Data provided:
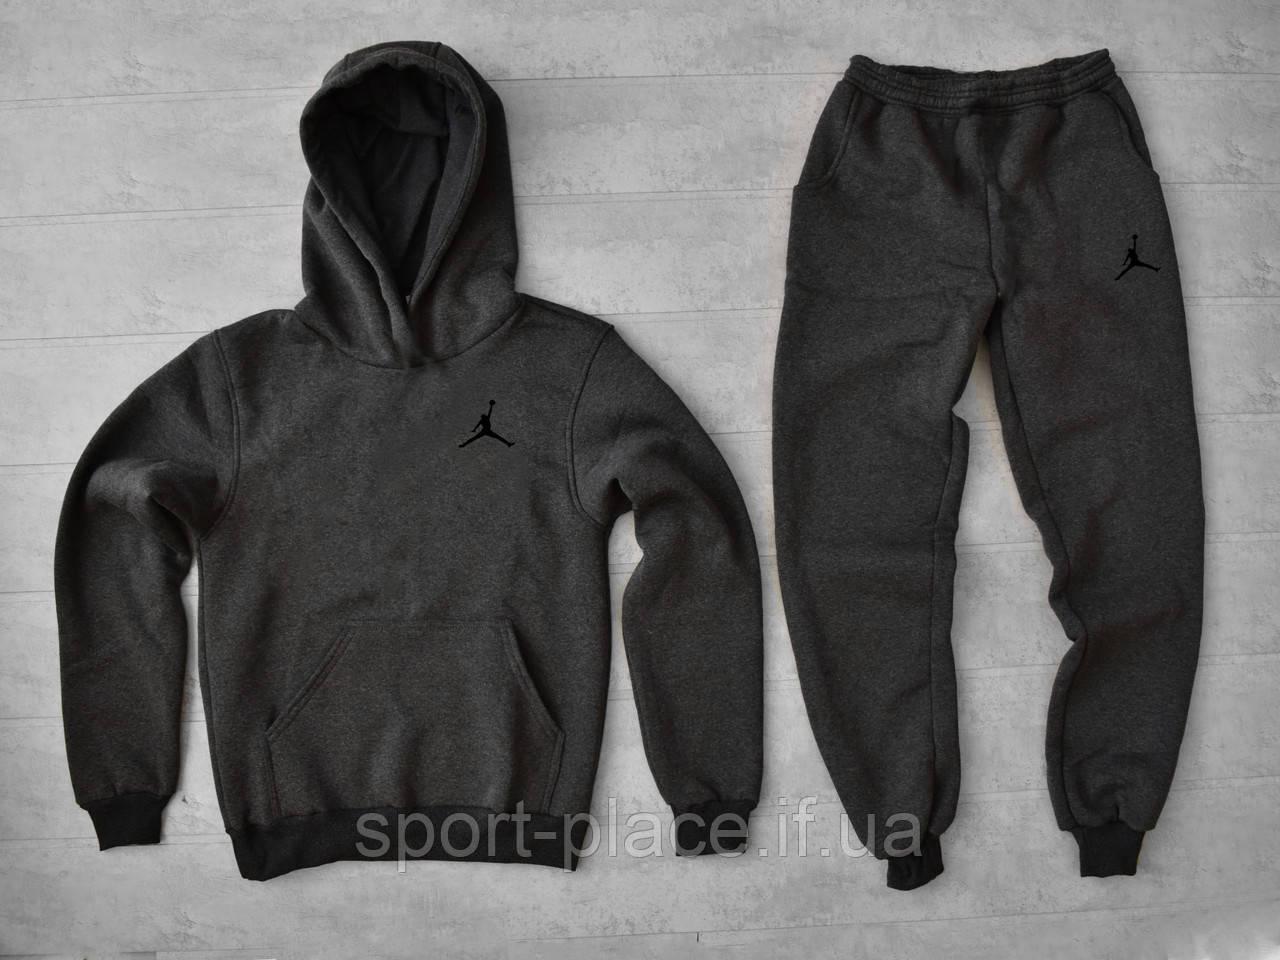 Чоловічий спортивний костюм Jordan темно сірий (ЗИМА) з начосом, толстовка маленька чорна емблема репліка
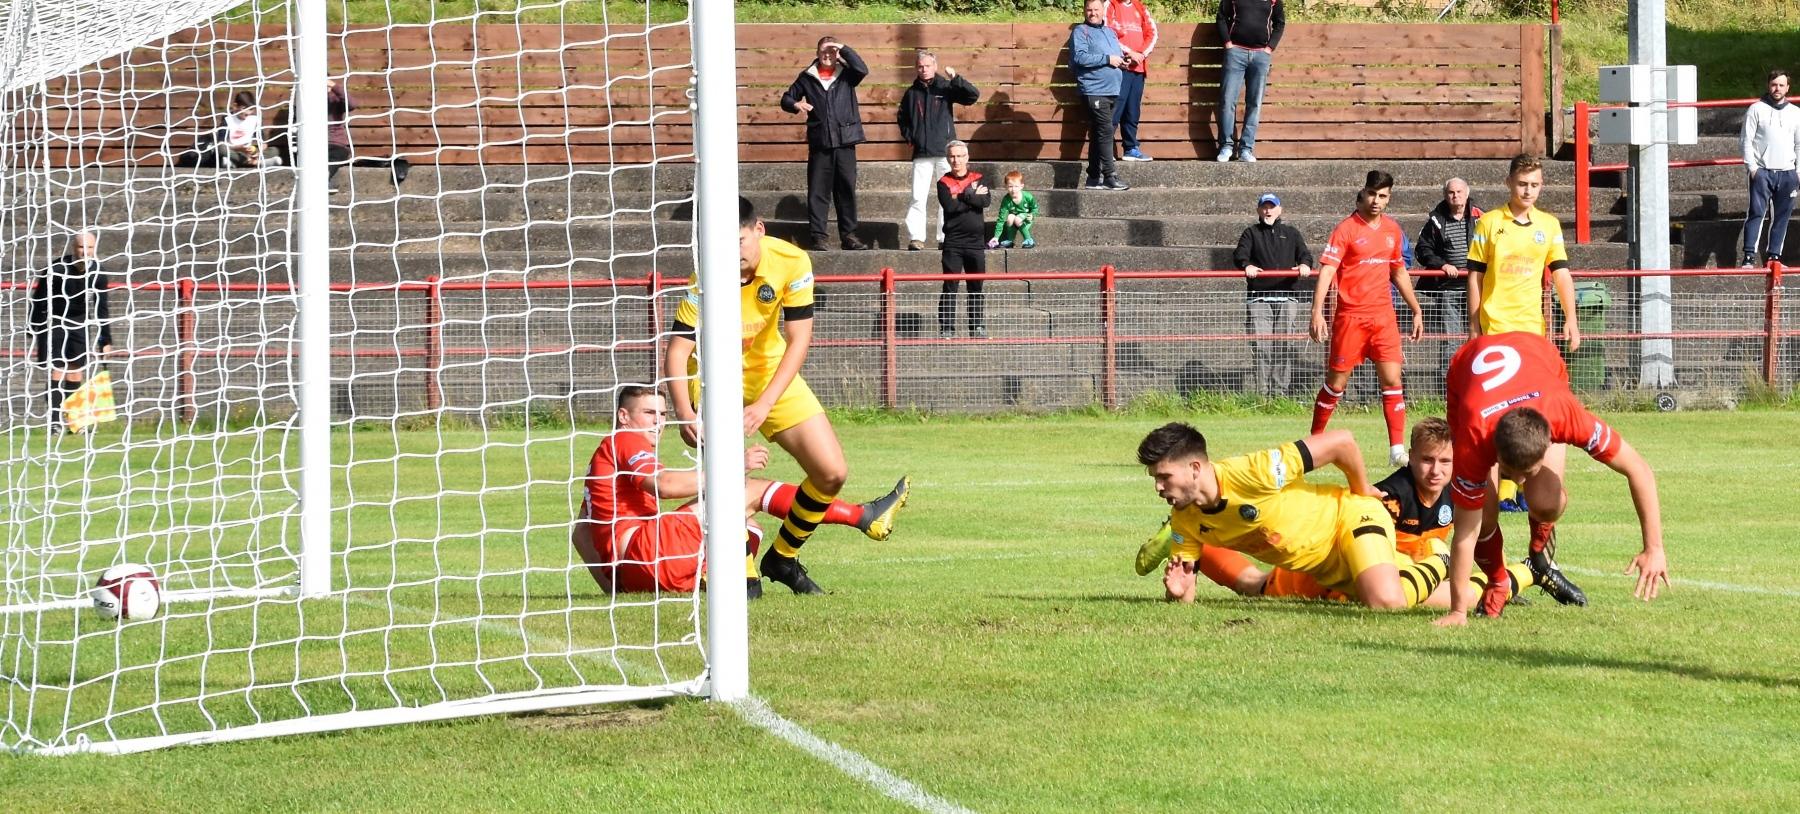 Workington-Reds-v-Pickering-Town-Ben-Challis-21-Happy-Birthday-Cieran-Casson
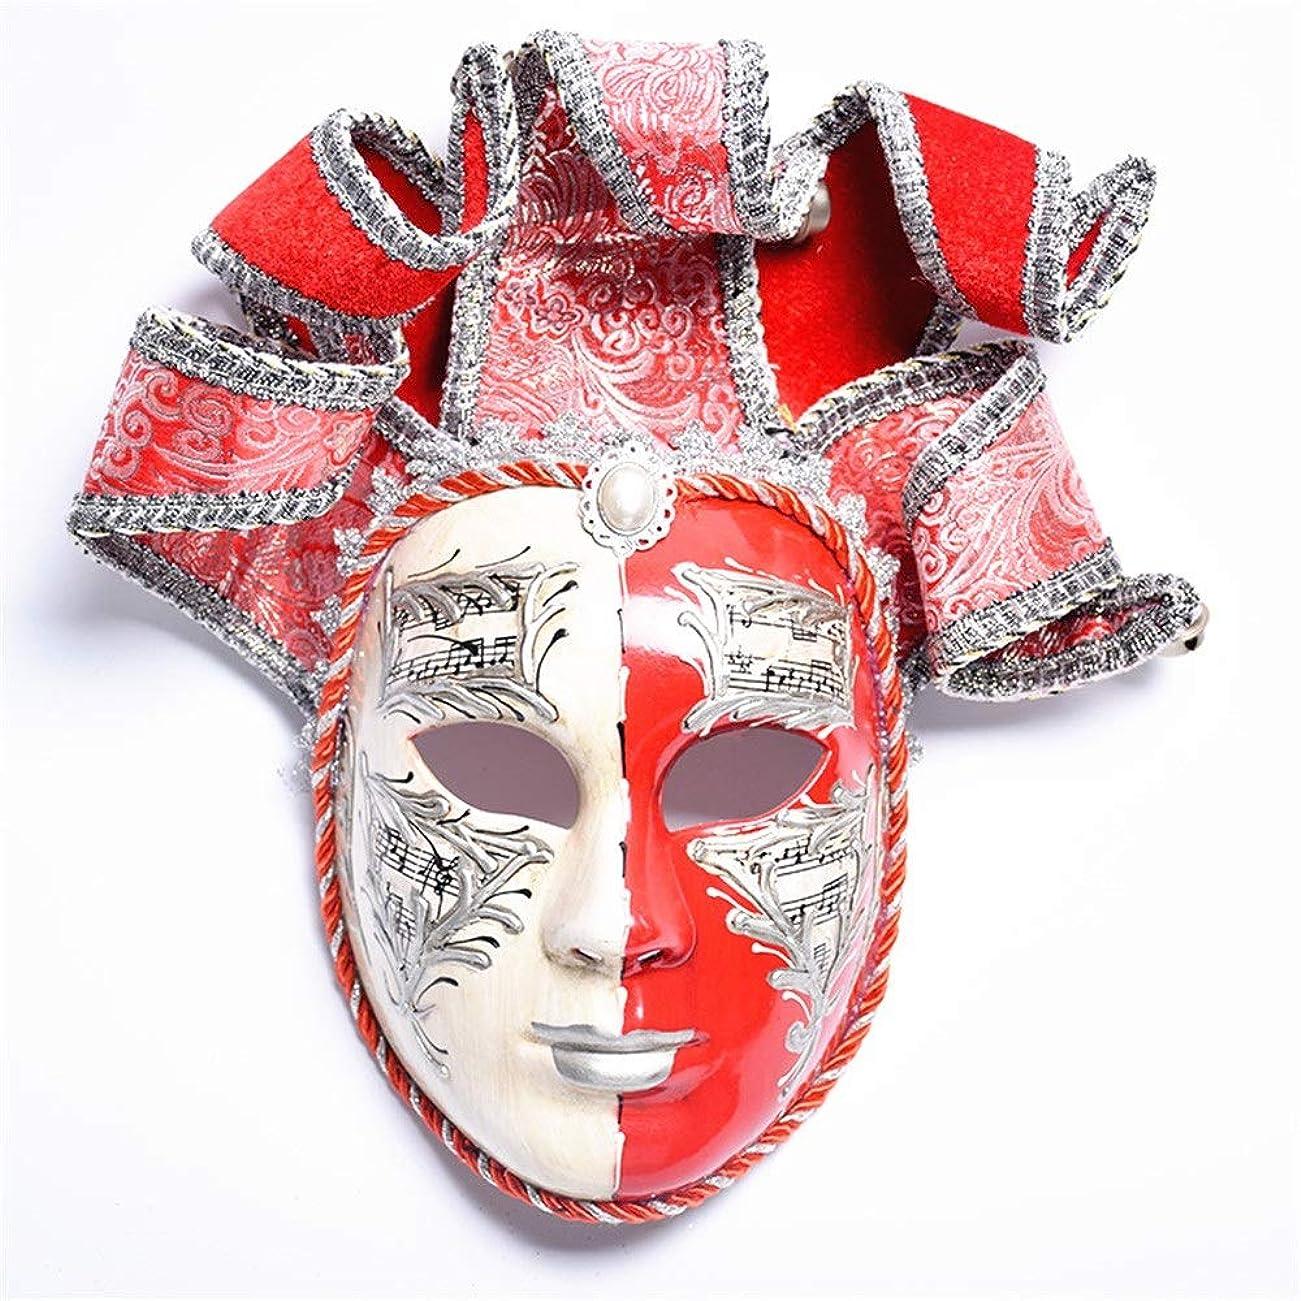 満了不安定吐き出すダンスマスク パーティーマスクフェスティバルコスプレハロウィン仮装フルフェイスマスクエッセンスナイトクラブパーティープラスチックマスクガールビューティーレディース ホリデーパーティー用品 (色 : Red+Silver, サイズ : 33x31cm)
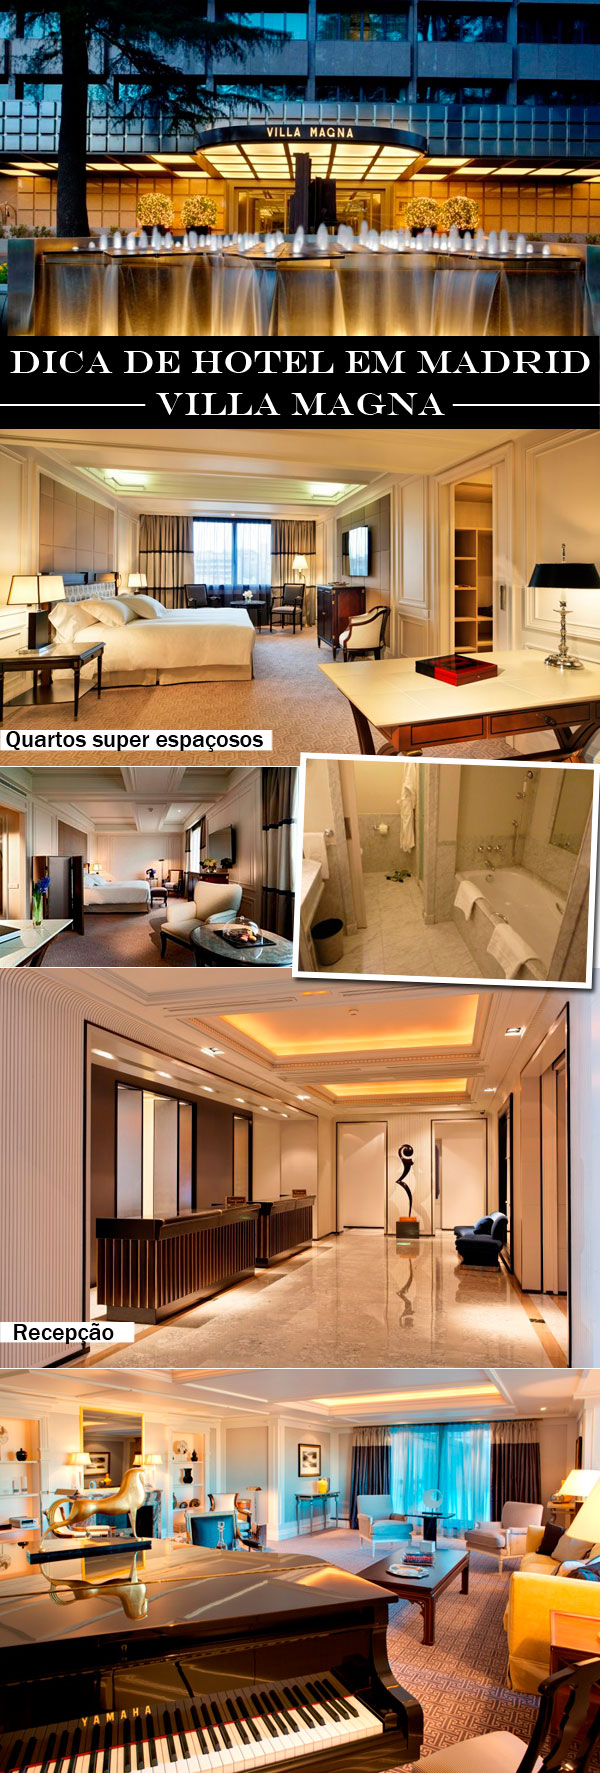 hotel-madri-dica-villa-magna

Assignment:
Return the listing above verbatim and exclude every picture.

Result below:
 Чоловічий спортивний костюм Jordan темно сірий (ЗИМА) з начосом, толстовка маленька чорна емблема репліка
 Workington-Reds-v-Pickering-Town-Ben-Challis-21-Happy-Birthday-Cieran-Casson
 満了不安定吐き出すダンスマスク パーティーマスクフェスティバルコスプレハロウィン仮装フルフェイスマスクエッセンスナイトクラブパーティープラスチックマスクガールビューティーレディース ホリデーパーティー用品 (色 : Red+Silver, サイズ : 33x31cm)
 hotel-madri-dica-villa-magna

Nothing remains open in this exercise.